You’ve most likely heard the question, ‘What’s your why?’; for Queensland-based High Street Underwriting Agency, its purpose for coming to life remains clear 20 years on, and it looks like the only way forward for the Lloyd’s coverholder is to never forget how it all began two decades ago.
“I was a small broker in Cairns,” recalled Alan Whittle (pictured above, rightmost), who set up High Street alongside his “brilliant” better half, Jan (pictured immediately below). “That was in the mid-‘90s, and to deal with the underwriting agencies then you had to be like Aon or Marsh or Willis.
“So, I thought to myself, ‘I’m going to become an underwriting agency and only deal with the small broker or SME brokers’, and we did and it still happens that way.”
High Street was registered on May 28, 2001 – a date the family business patriarch sees as akin to a child’s birthday. “It’s like having a kid who turned 18 or 20,” Whittle told Insurance Business. “‘Only seems like yesterday when you were born’, it’s like that.”
According to the former managing director, who led High Street up until his son’s appointment as chief executive last month, the underwriting agency was only supposed to be a husband-and-wife duo but it “just grew crazily” given the need for what the company offers.
“My wife has been in the insurance industry since ‘71, so 50 years, and me 52 years,” he said. “So, just between us in High Street, there’s 102 years. It was only her and I then – we started to work six-day weeks and things like that; we had to put on people, and then it just went from there. The dream that I had was to help out the brokers and it sure did work, which is good.”
At the helm of the business now is Blair (pictured below), a PwC alumnus who has been with High Street since 2012. He most recently served as chief operating officer before taking on the CEO remit in May.
“I’ve been lucky enough to work with Alan for the last eight years,” declared the younger Whittle, whose number one priority at the moment is pushing the technology side of the firm. “I’ve learned a tremendous amount from him about how to work with people and to take the long view in business, so I feel ready for the role.”
Meanwhile, the new boss shared that all of High Street’s books are running profitably and that they are actually seeing a big influx of business as insurers restrict appetite and some agencies lose their binders.
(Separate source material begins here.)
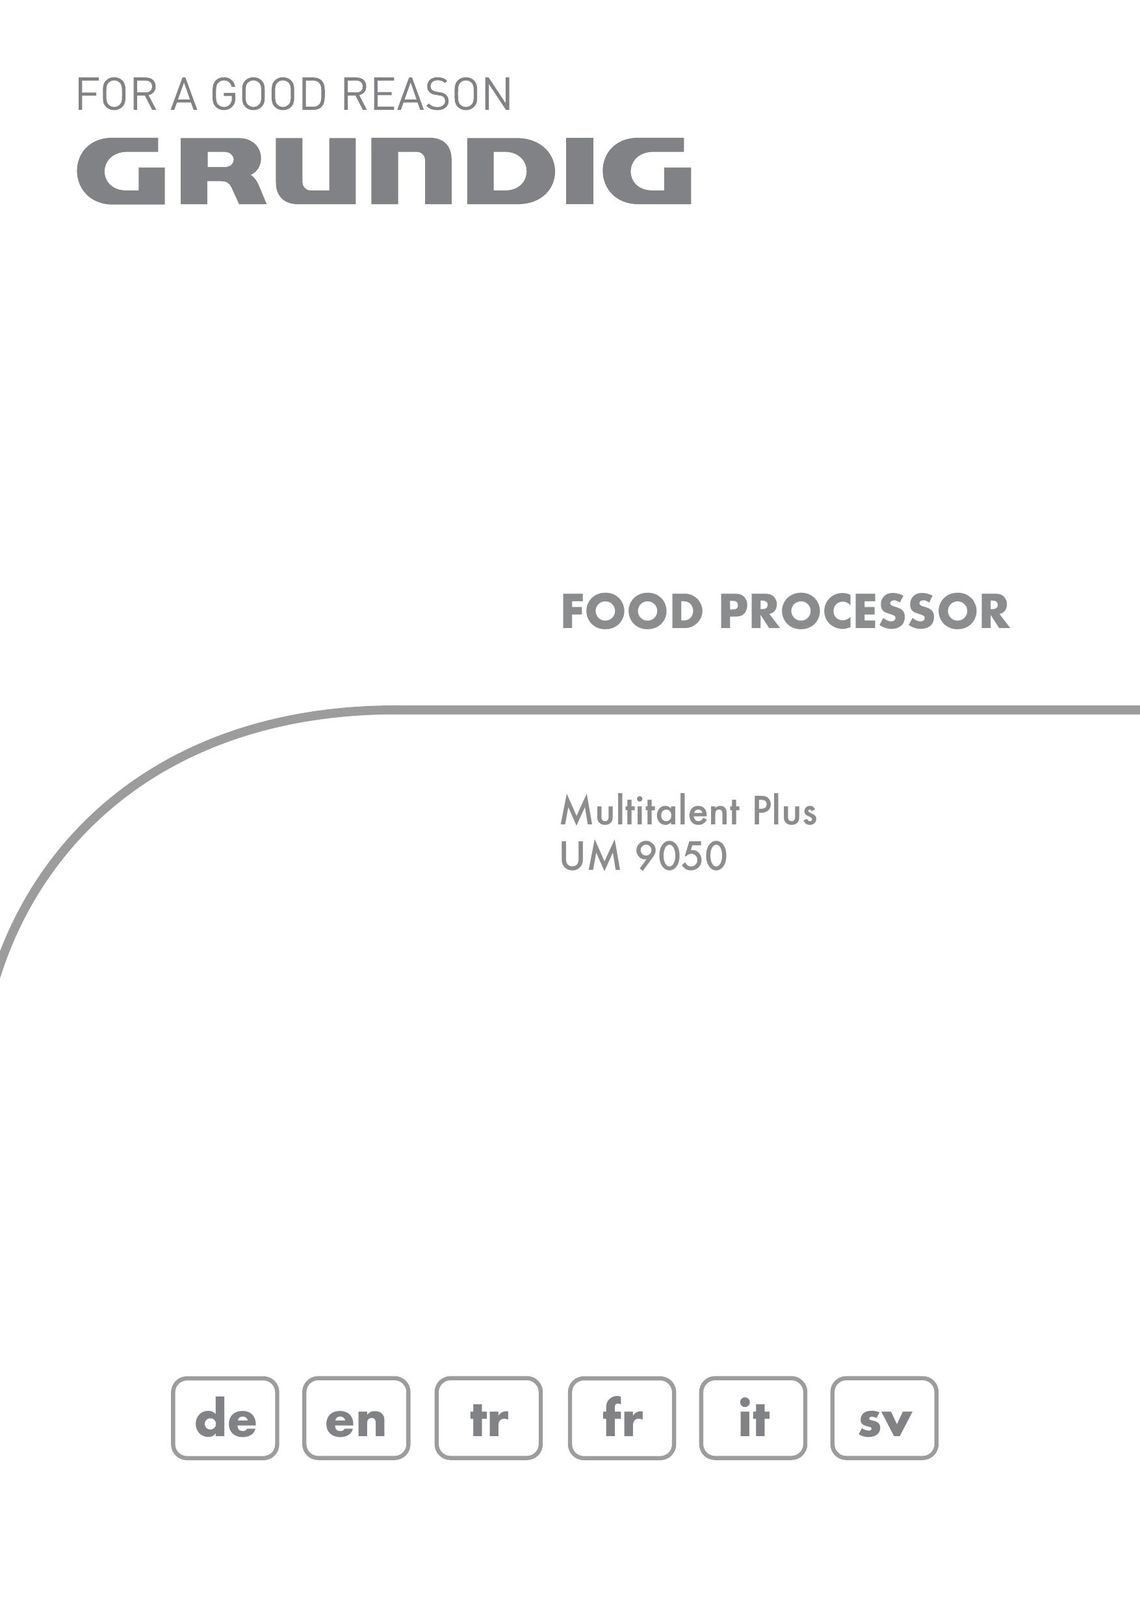 Grundig UM 9050 Food Processor User Manual
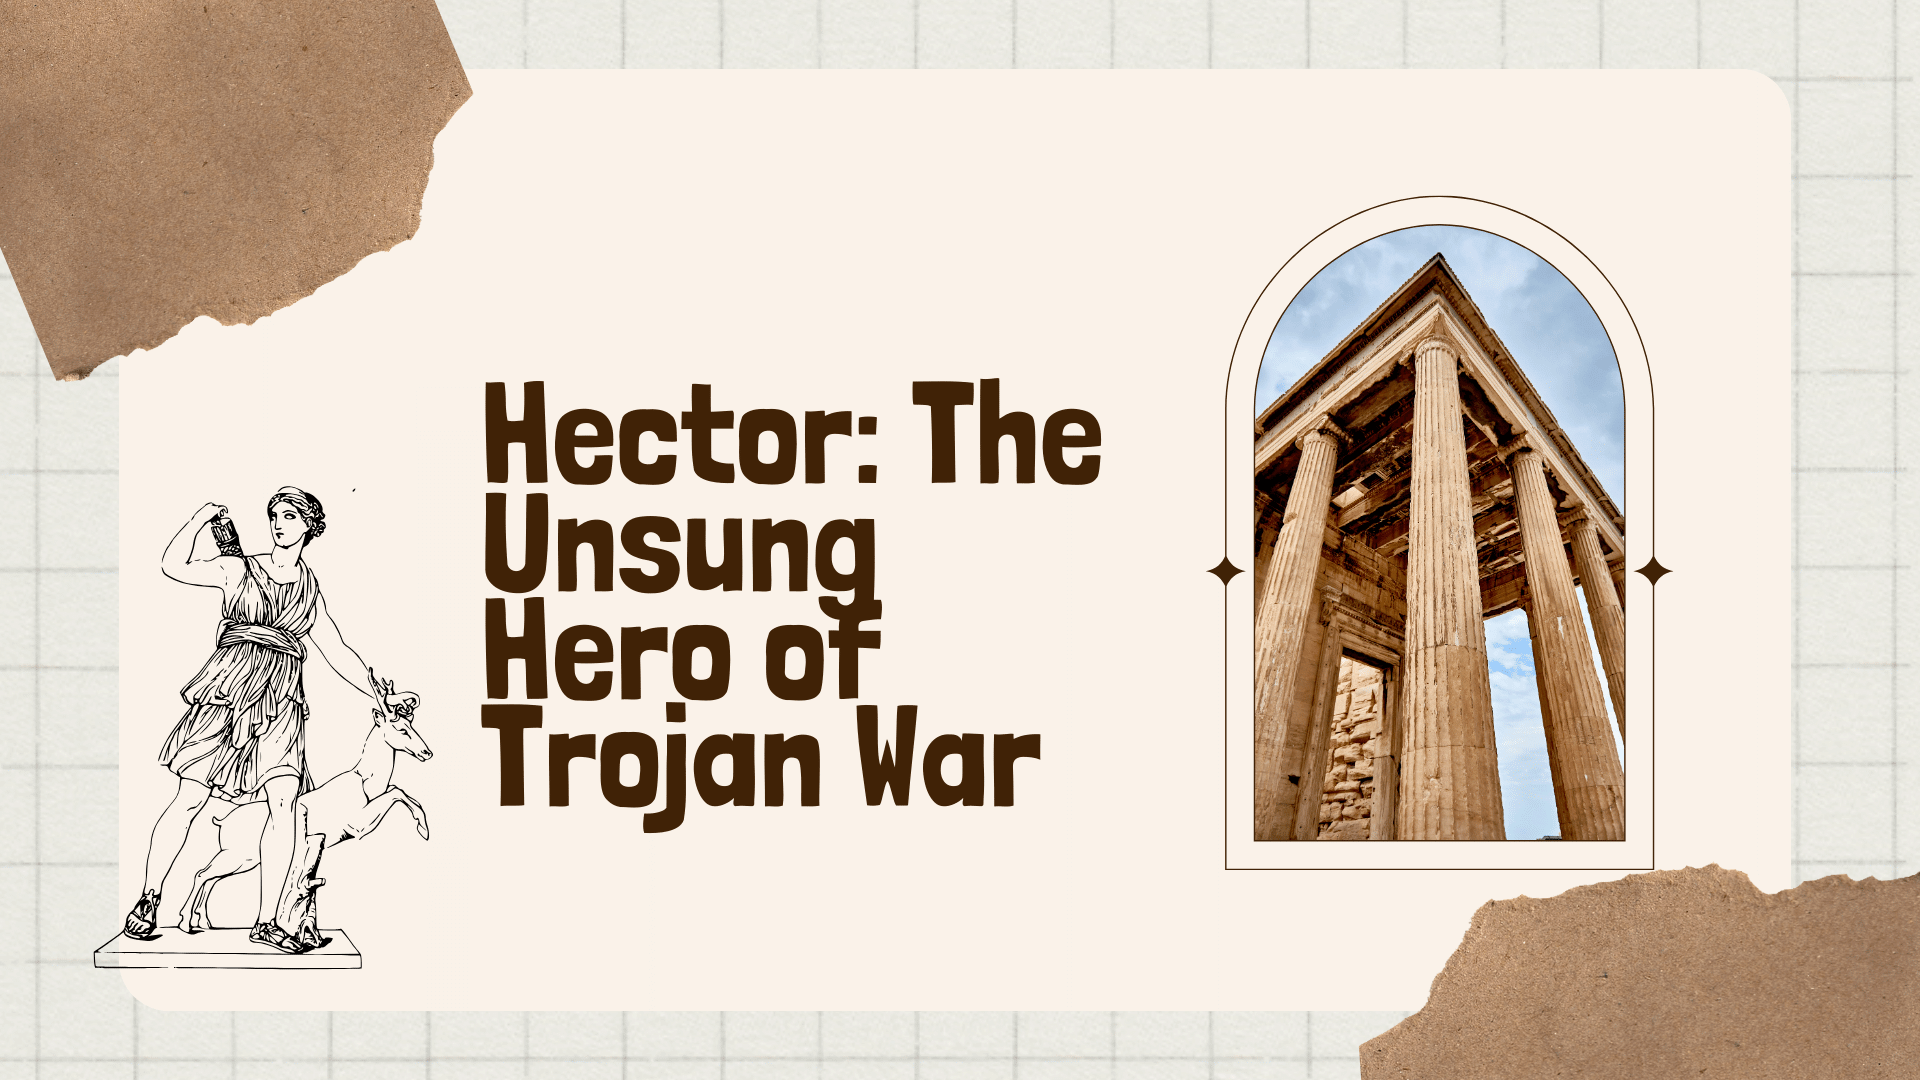 Hector: The Unsung Hero of Trojan War

The most pressing challenge in the short term, he said, is finding the suitable recruits to onboard to keep up with the inquiries.
“There is a shortage of skilled staff at the moment,” he told Insurance Business. “That’s our biggest immediate challenge. We’ve hired around eight people in the last eight months, and we’re still short probably three or four people. And we’re very selective on getting the right people that fit our culture.
“A long-term challenge is balancing the performance of our portfolio with our capacity providers, making sure that we’re competitive in the market but also that we’re making Lloyd’s money. It’s making sure that we dedicate the time to underwrite those risks properly so our book stays profitable in the long term.”
As for High Street’s tech push, the father and son both highlighted the fact that the business employs an in-house IT team of eight people. The unit represents about 20% of the company’s entire workforce – a strong indication of the role technology is playing in the agency’s future.
Also, with the IT team set up internally, it sits side by side with the underwriting line-up, facilitating near-instant fixes and better collaboration and outcomes for High Street.
“The IT people that have been with us now for three years, they now really get what we’re doing, so they bring up ideas [themselves],” added Alan, who believes that with the IT era “definitely here,” insurance companies must now be tech firms first and insurers second. In fact, this is why he felt it was time to hand over the leadership to someone younger.
The above, however, does not mean losing sight of why High Street is part of the insurance market in the first place. The 68-year-old director, who looks forward to spending time at his acreage shed, has this piece of advice for his successor: “Don’t lose why we actually started, and it was to help the small brokers.
“This is what I actually tell the staff, that I was an SME broker for 11 years and I know how hard it is. We have to help [the small brokers]; and if we help them, they’ll help us to grow.”
All geared up for what’s next, Blair – whose mum, meanwhile, will remain active in the business in her full-time capacity as head of the admin team – said he is excited to continue High Street’s growth.